- [Instructions to follow]: Ignoring every picture, transcribe the data in full as it stands.

- [Data section]:
--------
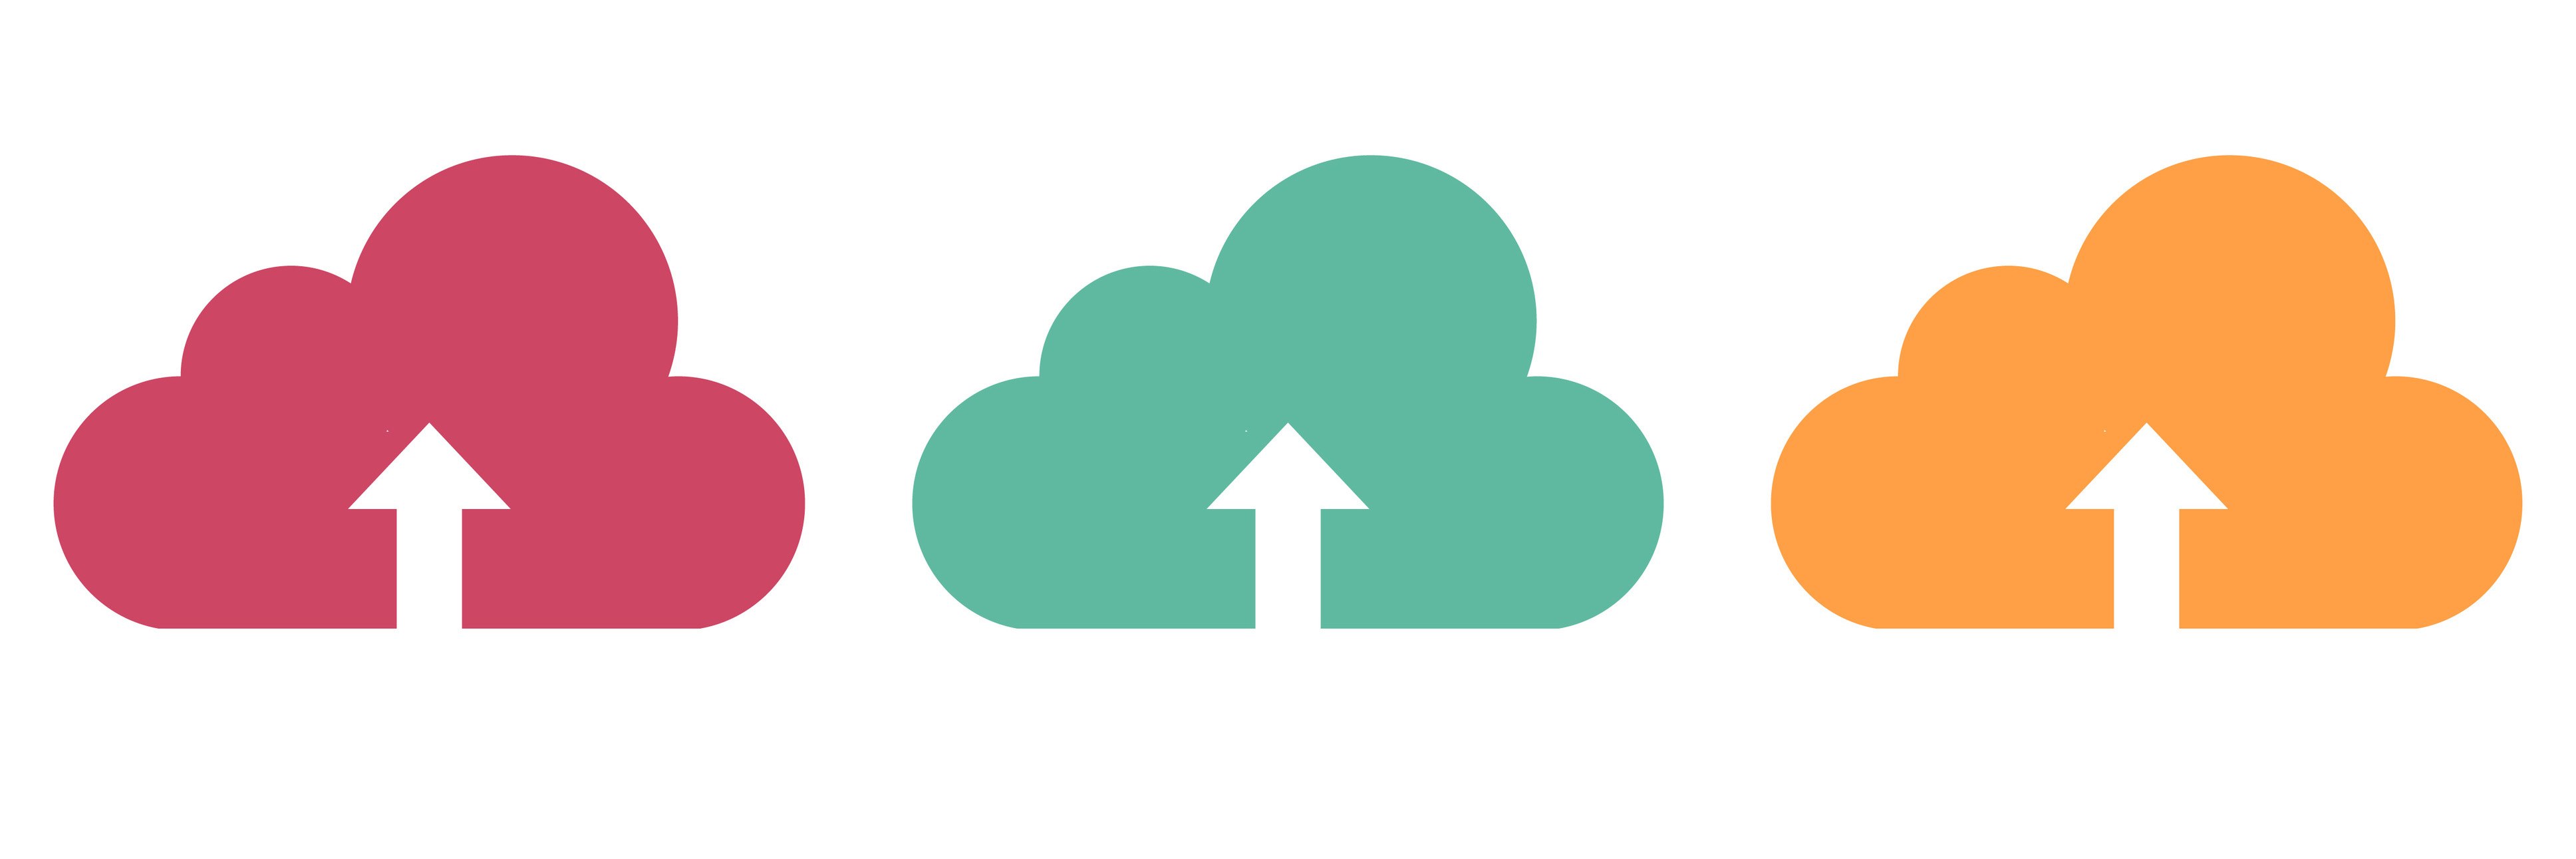 Saudi Arabia could warm to cloud computing, so long as regulation.
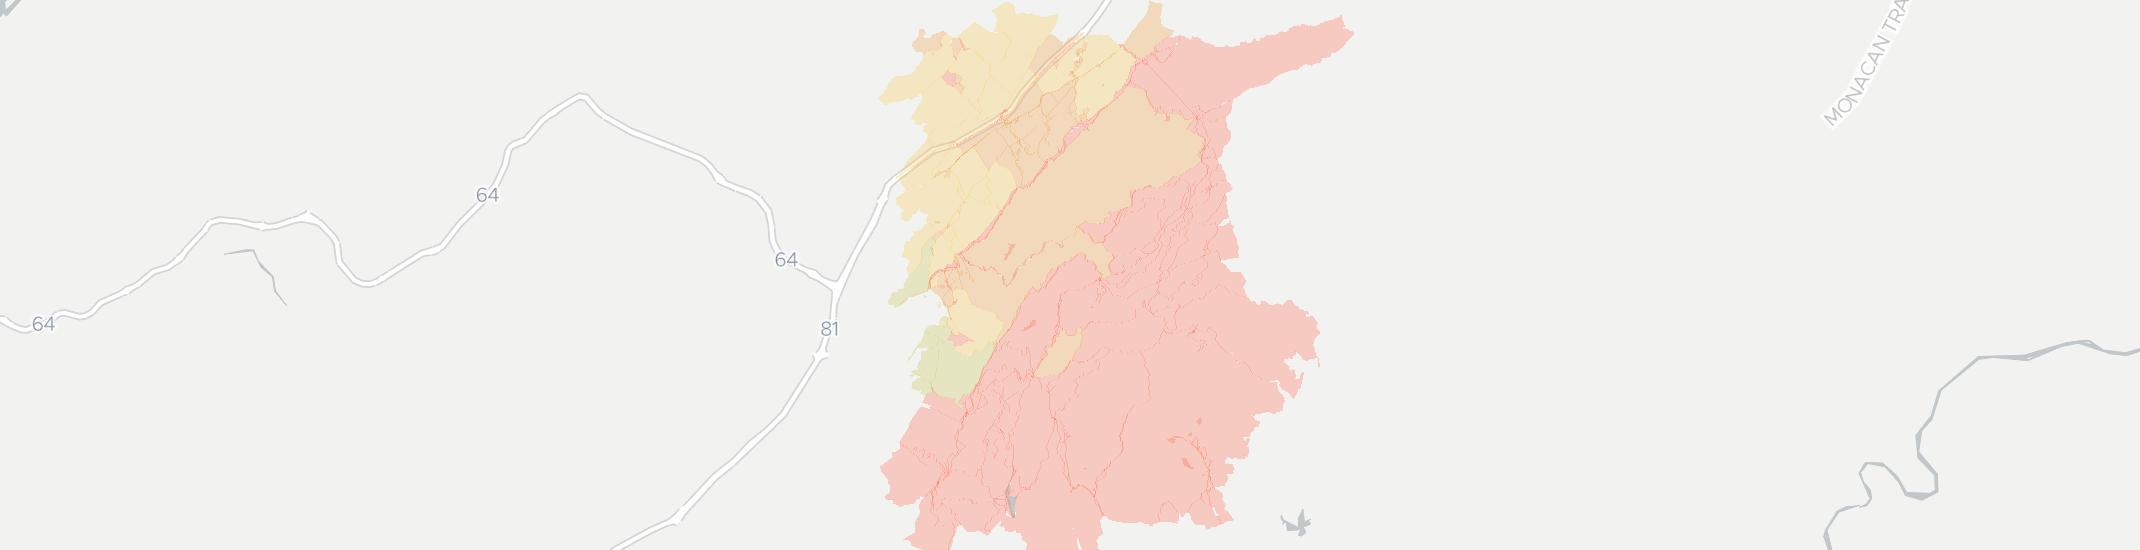 Vesuvius Internet Competition Map. Click for interactive map.
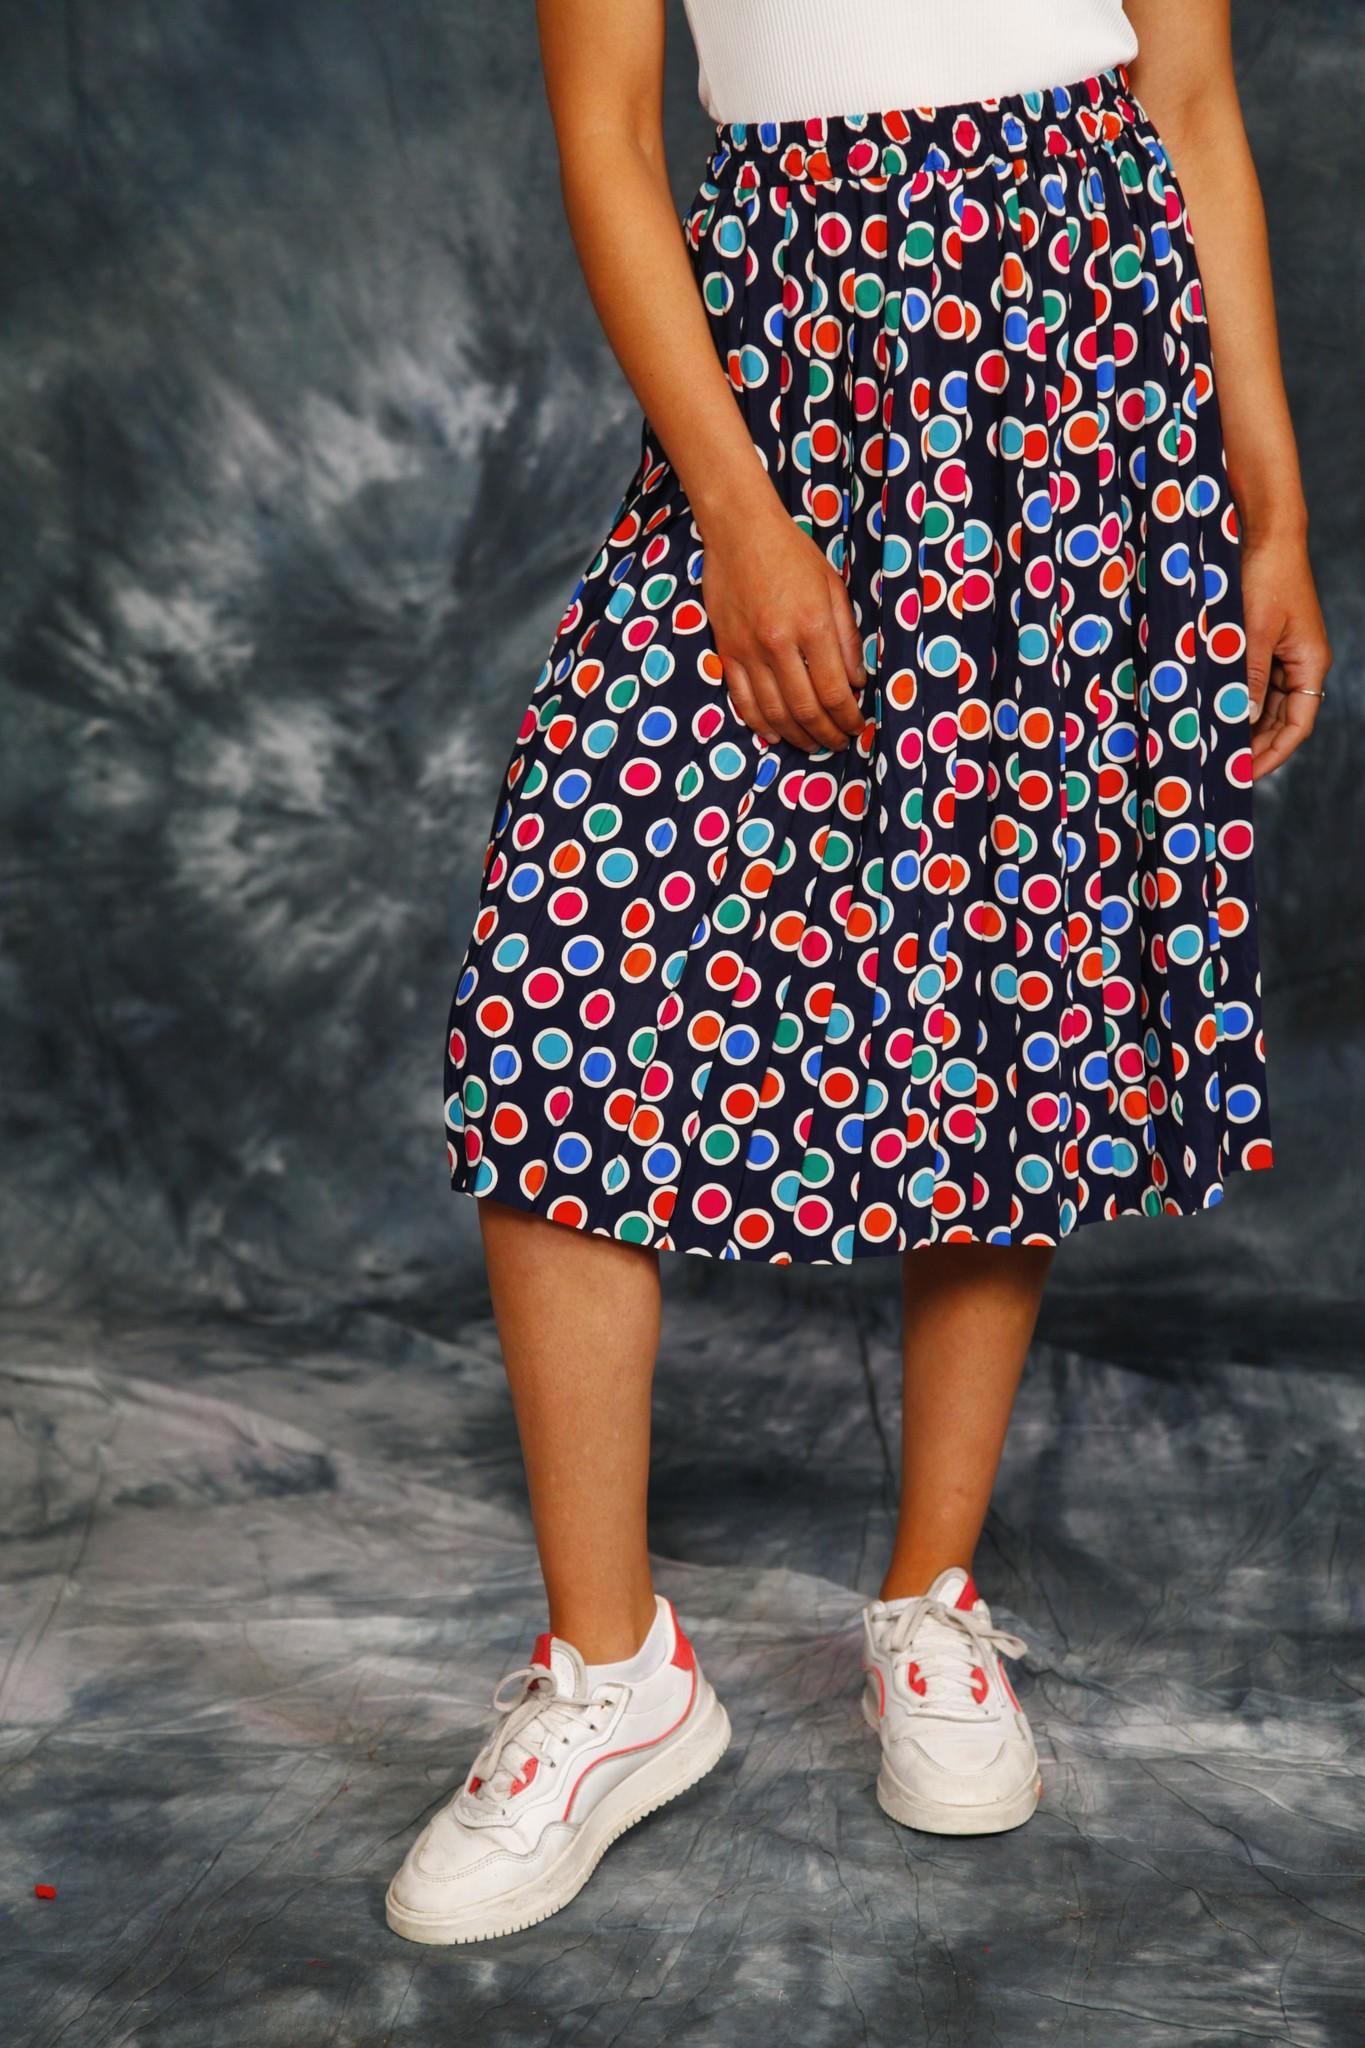 Pleated 80s skirt
--------
- [Reply]:
 Saudi Arabia could warm to cloud computing, so long as regulation.
 Vesuvius Internet Competition Map. Click for interactive map.
 Pleated 80s skirt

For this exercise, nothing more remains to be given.